Citation870 F.3d 573
Parties UNITED STATES of America, Plaintiff–Appellee, v. Jaime C. LOPEZ, Defendant–Appellant.
CourtU.S. Court of Appeals — Seventh Circuit

James M. Warden, Attorney, OFFICE OF THE UNITED STATES ATTORNEY, Indianapolis, IN, for PlaintiffAppellee.

Sarah O'Rourke Schrup, Attorney, NORTHWESTERN UNIVERSITY SCHOOL OF LAW, Chicago, IL, for DefendantAppellant.

Before Bauer, Posner, and Hamilton, Circuit Judges.

Bauer, Circuit Judge.

A jury convicted Jaime Lopez of fifteen counts of wire fraud, four counts of money laundering, and one count of securities fraud in connection with his participation in a fraudulent investment scheme. Lopez challenges his conviction based on various evidentiary rulings that he argues deprived him of a fair trial. We affirm.

I. BACKGROUND

In 2009, Lopez, a self-described financial advisor, began creating financial investment business entities and soliciting startup capital from family and friends. These entities were named JCL Interest Plus, JCL Capital Inc., JCL & Company, and JCL Direct. Between December 2009 and January 2011, Lopez received approximately $450,000 total from Thomas Holsworth, Jerry Wilson, Colleen Wilson, and Danny Cole. Aside from Lopez's father-in-law, these were the only four individuals who invested with Lopez.

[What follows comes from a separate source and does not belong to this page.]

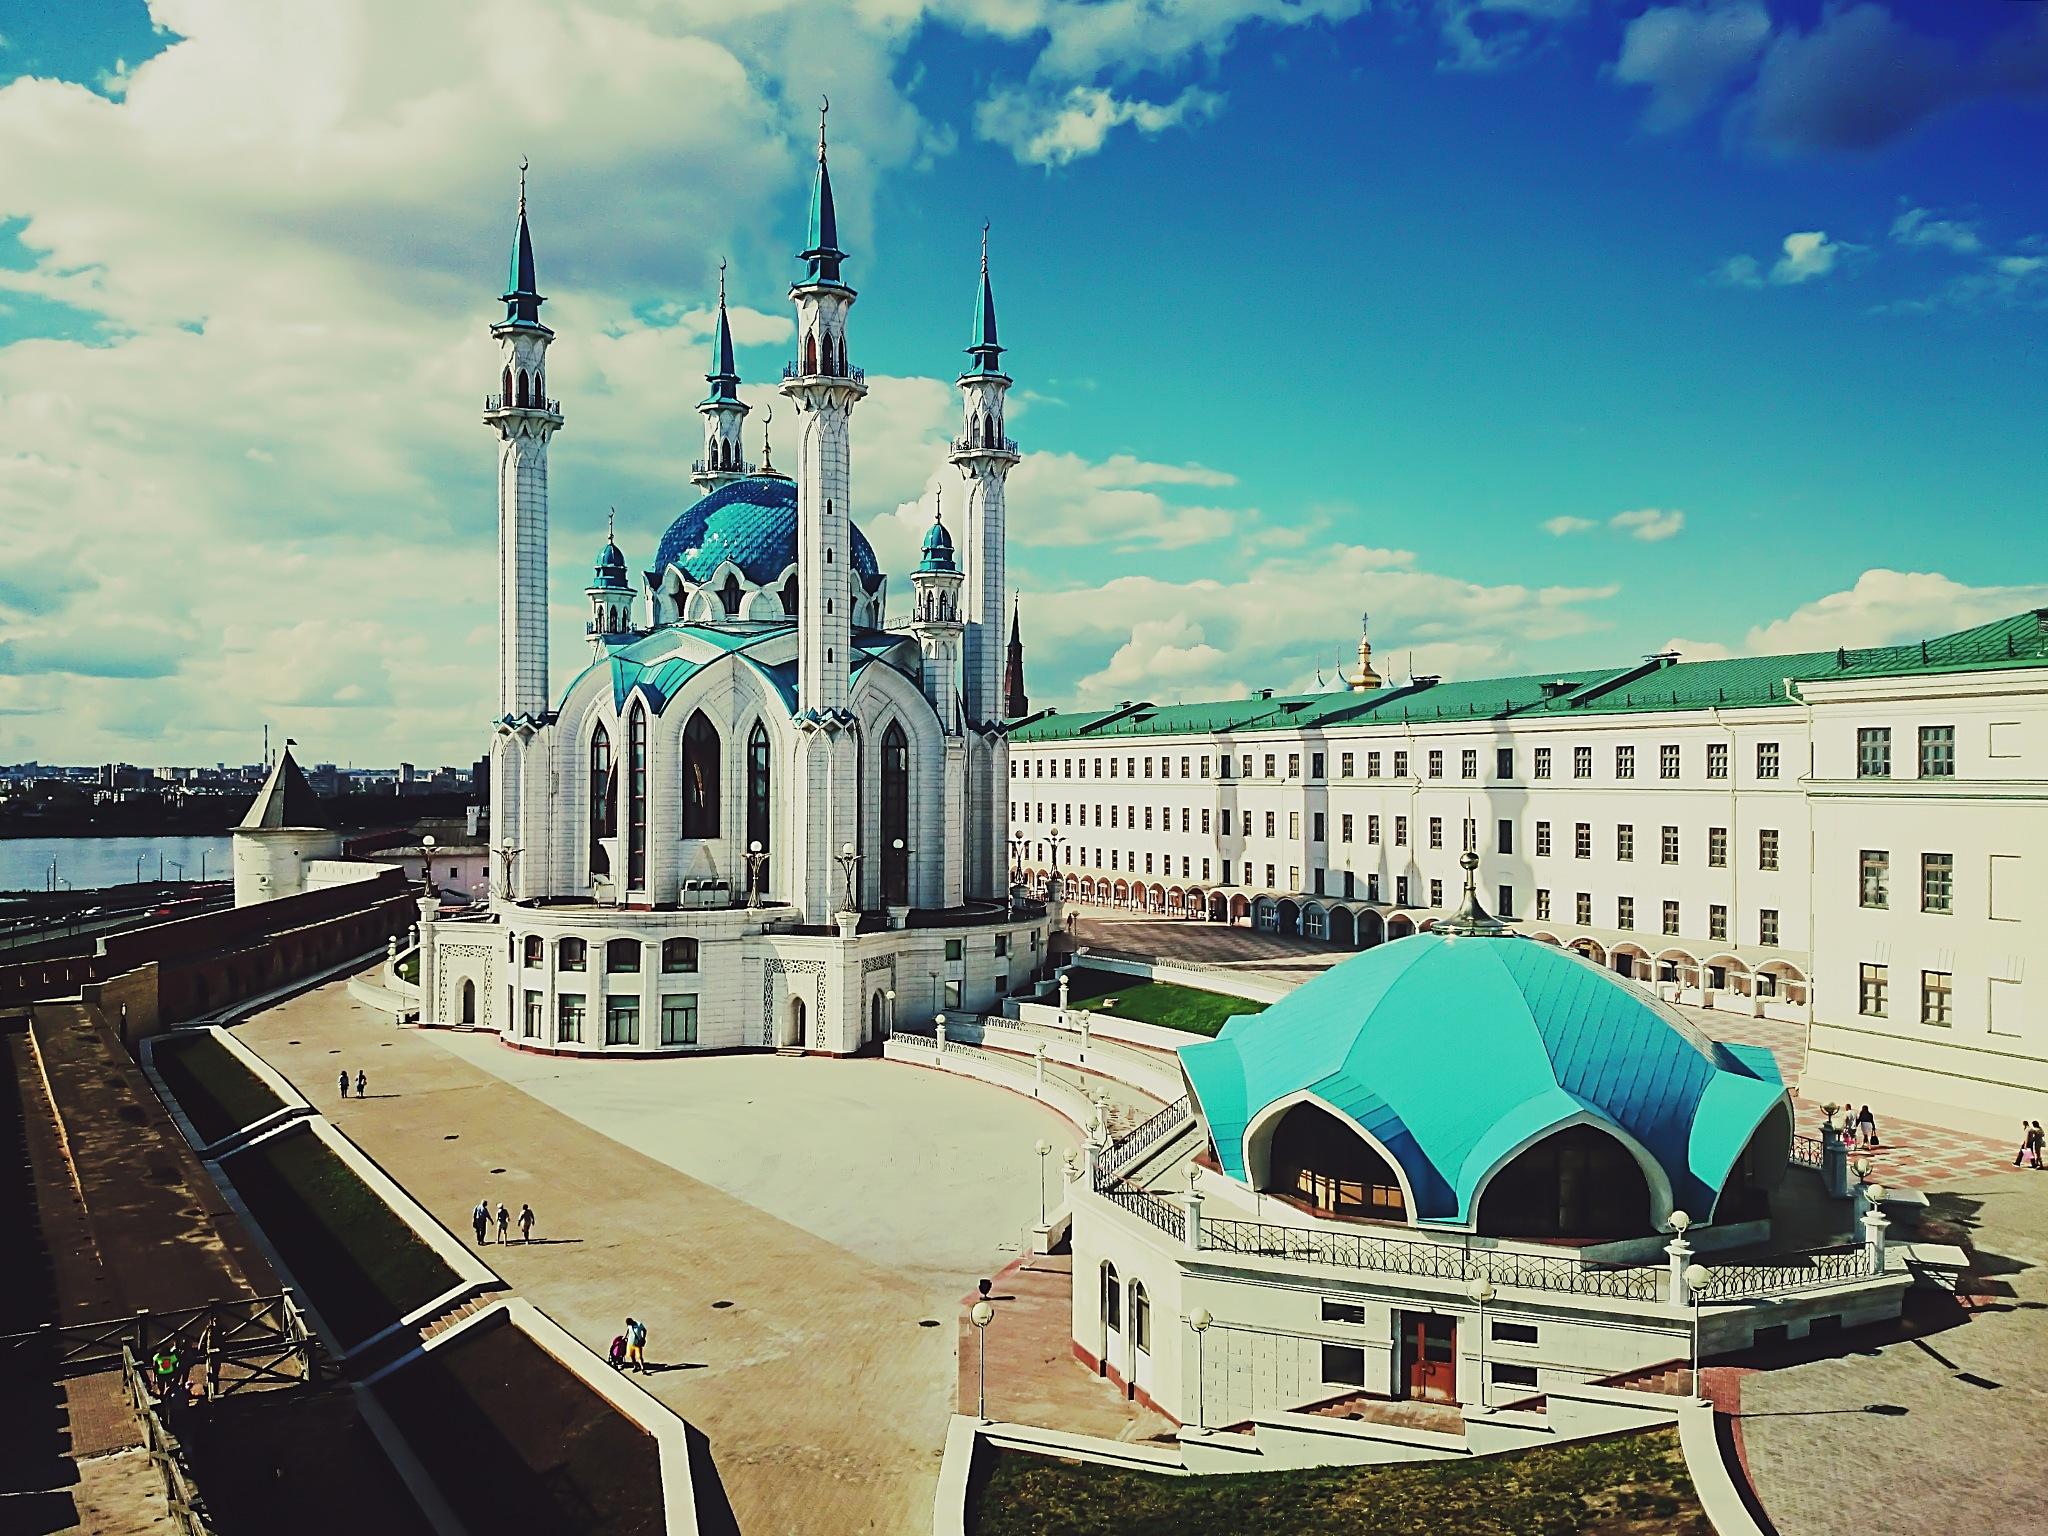 The Qolşärif Mosque by Daria Klepikova

Lopez directed those four individuals to transfer their retirement funds from their personal accounts into self-directed individual retirement accounts administered by a company called Entrust IRA, later known as Midland IRA. Lopez told them that he would then move the funds from the Midland IRAs into one or more of the JCL entities for further investment. Each of the individuals executed promissory notes, providing for various rates of return at various maturity dates. Through personal conversations, brochures, and his company's website, Lopez told his investors that he intended to secure their returns through investments in companies such as Coca–Cola, ExxonMobil, Wells Fargo, Visa, American Express, and Procter & Gamble. The documents the investors signed, however, did not specify particular investments that would be made and reserved Lopez's discretion to invest where he saw fit.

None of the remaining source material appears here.